Em 1988 e tendo por base o estipulado no acordo estabelecido com o Clube de Futebol “Os Belenenses”, no quadro da transferência de Chiquinho Conde para o clube do Restelo, Vicente Lucas da Fonseca (auxiliado por Carlos Silva), veio a Moçambique para treinar o Clube dos Desportos da Maxaquene.
De Vicente se falará sempre como de um futebolista de nível mundial que o azar colheu numa manhã de Outubro. A partir daí, o moço honrado, bom e humilde, passou por momentos amargos e imerecidos, até a nível familiar. Afinal de contas, o “mandjombo” não o foi tanto como isso.

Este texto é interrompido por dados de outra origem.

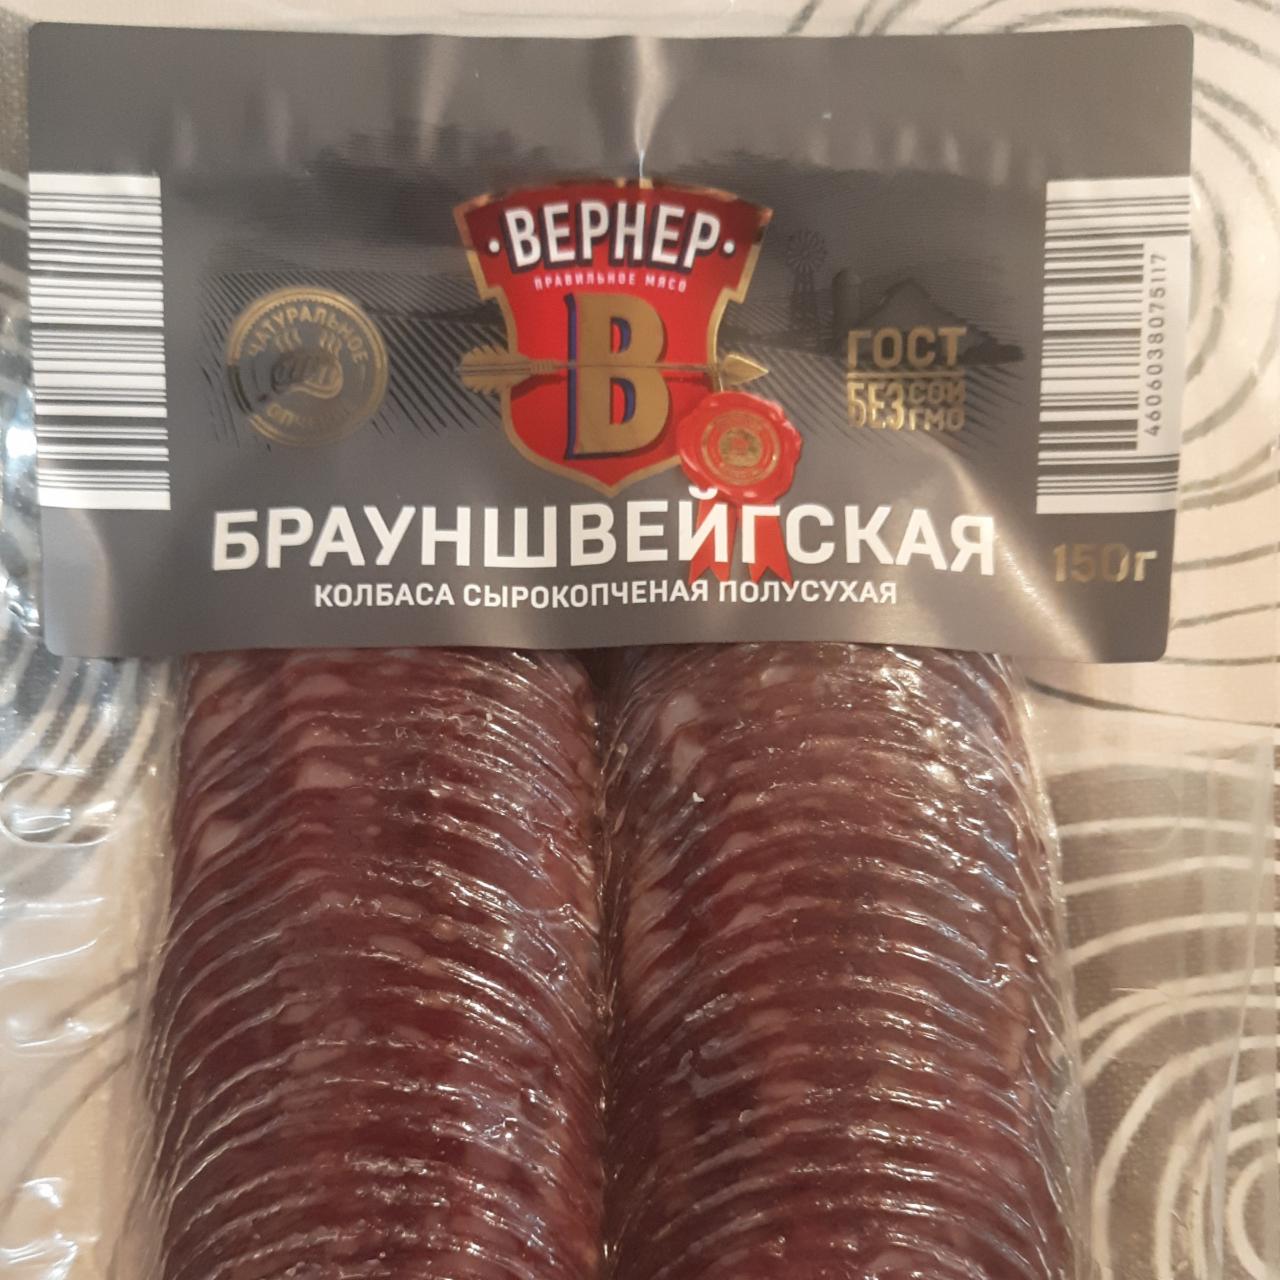 Фото - Брауншвейгская колбаса сырокопченая Bephep

O moçambicano que viu em 2016 a perna esquerda amputada e uma amputação parcial da perna direita, vive numa casa de repouso no Tojal, sendo que os custos de alojamento são na totalidade suportados pelo Clube de Futebol “Os Belenenses”. Segundo o Presidente da agremiação,” este é um acto da mais elementar justiça perante uma referência dos azuis do Restelo e do futebol português em geral”.
Vicente Lucas da Fonseca nasceu no dia 24 de Setembro de 1935. Completa hoje 85 anos de idade.

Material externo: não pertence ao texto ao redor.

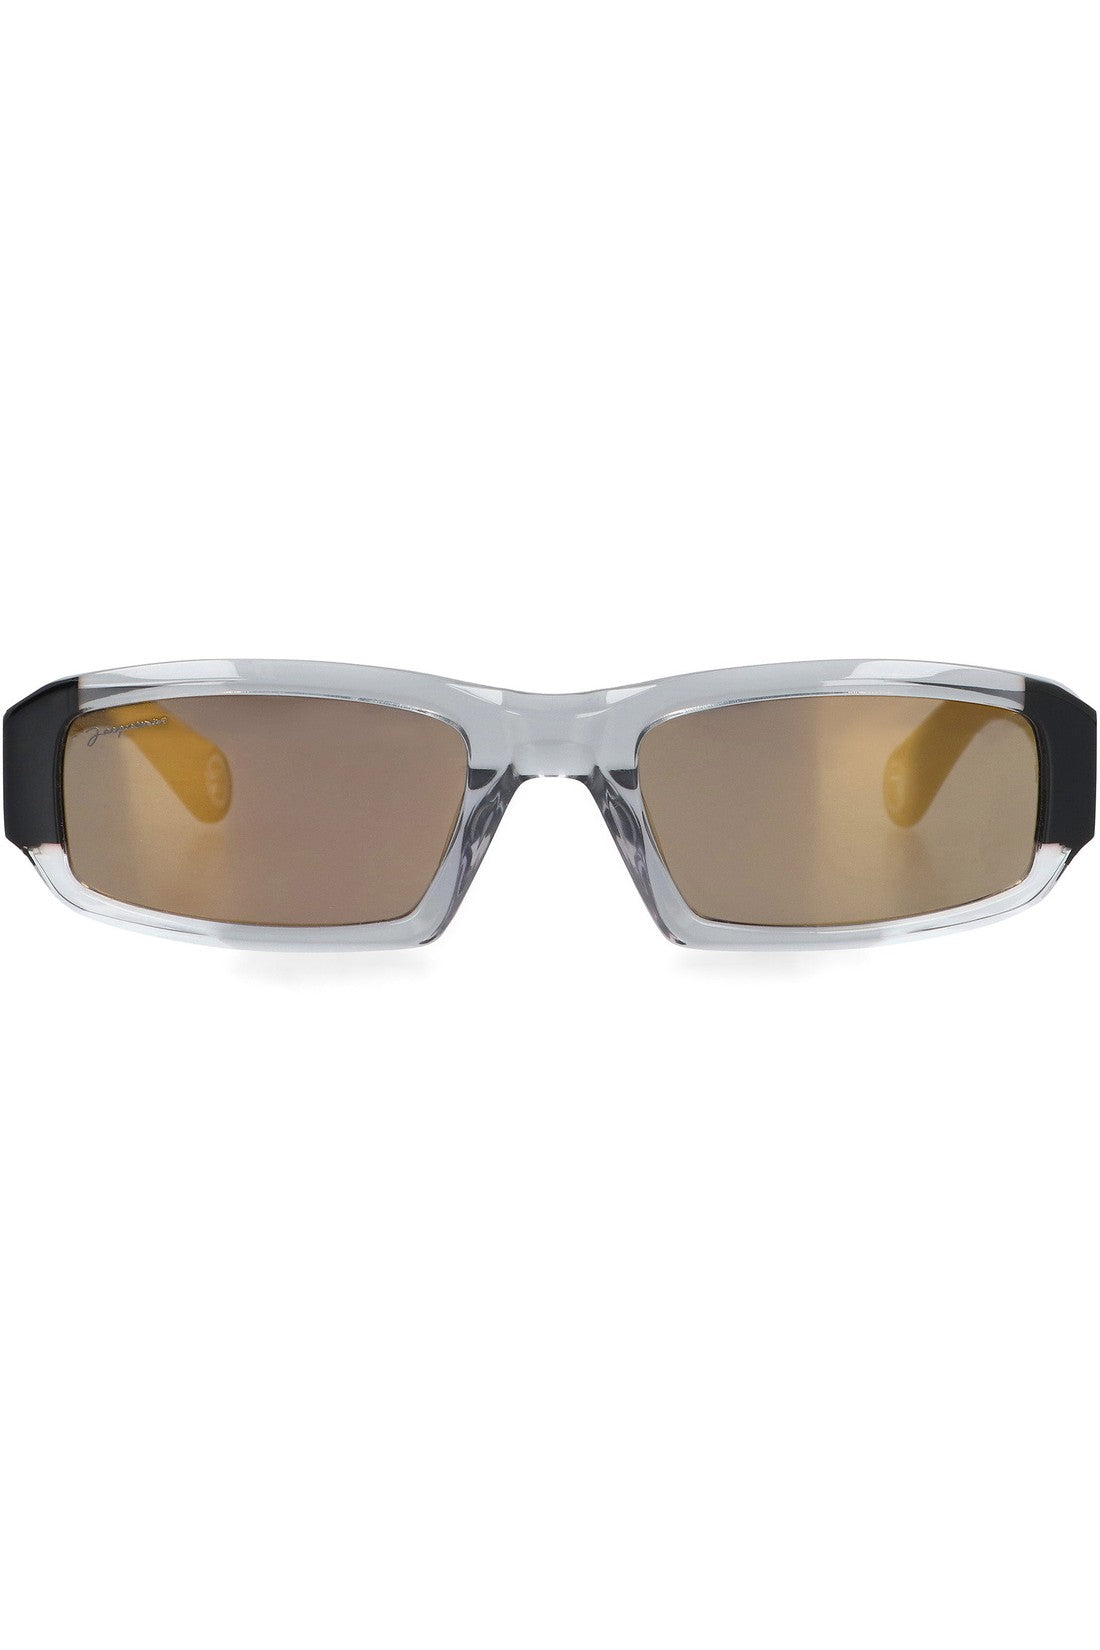 Jacquemus-OUTLET-SALE-Altù Rectangular frame sunglasses-ARCHIVIST

OBS: Fontes utilizadas para a elaboração deste artigo;
1 – Portal electrónico do Clube de Futebol “Os Belenenses”
2 – Entrevista que fiz a Vicente quando ele foi treinador do Maxaquene
3 – Miguel Vaz, treinador e comentador desportivo.
João de Sousa – 24.09.2020
6 Comentários
Elisa Ferreira
Parabéns Vicente, com votos de muita saúde.
Manuel Martins Terra
Vicente Lucas da Fonseca, foi um dos defesa centrais que mais brilhou no futebol português. Envergando a camisola da cruz de cristo ao peito e da Selecção Nacional, rubricou tardes memoráveis. Foi mais um dos moçambicanos que na década 50 , contribuiram para a elevação do futebol luso.Aquando do Mundial de Futebol de 66, não fora a lesão que o apoquentou e que o impediu de jogar frente à selecção Inglesa, na partida das meias-finais eu diria que o o destino do jogo seria outro e Portugal estaria na final. Que grande selecção,com o Vicente,Hilário, Coluna e Eusébio, indiscutíveis titulares. Quase meia equipa. Que saudades. Ao Vicente, pese todas as contrariedades que se lhe têm atravessado na vida, que continue a ser o grande lutador que efectivamente é, que continue a fazer- nos companhia por muito tempo e com a amabilidade e simpatia que o caracteriza. Nesta data, a recordat e citada atentamente pelo João de Sousa, muitos parabéns grande Vicente.
António Amorim Lopes
UM GRANDE ARAÇO AMIGO VICENTE, POIS É UM JOVEM DA MINHA IDADE. ERA ASSOCIADO DO BELENENSES QUANDO VEIO PARA PORTUGAL, MAS RUMEI A MOÇAMBIQUE COM 23 ANOS DE IDADE E DE LÁ IA SUGUINDO A EXTRAORDINÁRIA CARREIRA DOS DOIS MANOS MOÇAMBICANOS, COM BASTANTE AMARGURA POR NÃO CONSEGUIR ASSISTIR AOS JOGOS. APESAR DE TODA A INFELICIDADE QUE ACONTECEU A VICENTE JULGO, E NÃO DEVO ESTAR ENGANADO, QUE OS DOIS MANOS AFRICANOS TERIAM SIDO DOS MELHORES JOGADORES QUE O BELENENSES TEVE. PARABÉNS AMIGO VICENTE DESEJO QUE TENHA PASSADO UM DIA DE ANIVERSÁRIO FELIZ, DESEJANDO QUE ESTA EFEMÉRIDE SE REPITA POR MAIS ANOS ABENÇOADO POR DEUS.
José Luciano André Assunção
Querido amigo, bem lembrado. Grande defesa como diz um amigo acima e que muitos
ainda recordam com saudade. De momento, lamentando a sua pouca sorte ao perde de una perna e algum mal também na outra. Permitam-me louvar o feliz procedimento de “Os Belenenses”, gratificando um modelo moral mas que infelizmente poucos a seguem. Meu querido, além dos sinceros parabéns que lhe envio, com um grande abraço, desejando-lhe as maiores felicidades com, muita saúde, paz e amor. Um grande abraço e tudo de bom para si. Nasci em Lisboa mas vivi em Moçambique durante cerca de 40 anos, sempre no mato, Namialo, Namapa, Alto Molócué e os últimos 2 anos Nampula. Felicidades e um sincero abraço.
Juca
Parabéns grande Vicente!
Parabéns também pela excelente reportagem.
Manuel da Silva
Não conhecia totalmente a história de vida do nosso querido jogador e patriota Vicente! Fico muito satisfeito de saber que:
“… vive numa casa de repouso no Tojal, sendo que os custos de alojamento são na totalidade suportados pelo Clube de Futebol “Os Belenenses”. Segundo o Presidente da agremiação,” este é um acto da mais elementar justiça …”
Ainda vai havendo gente com um bom coração!!!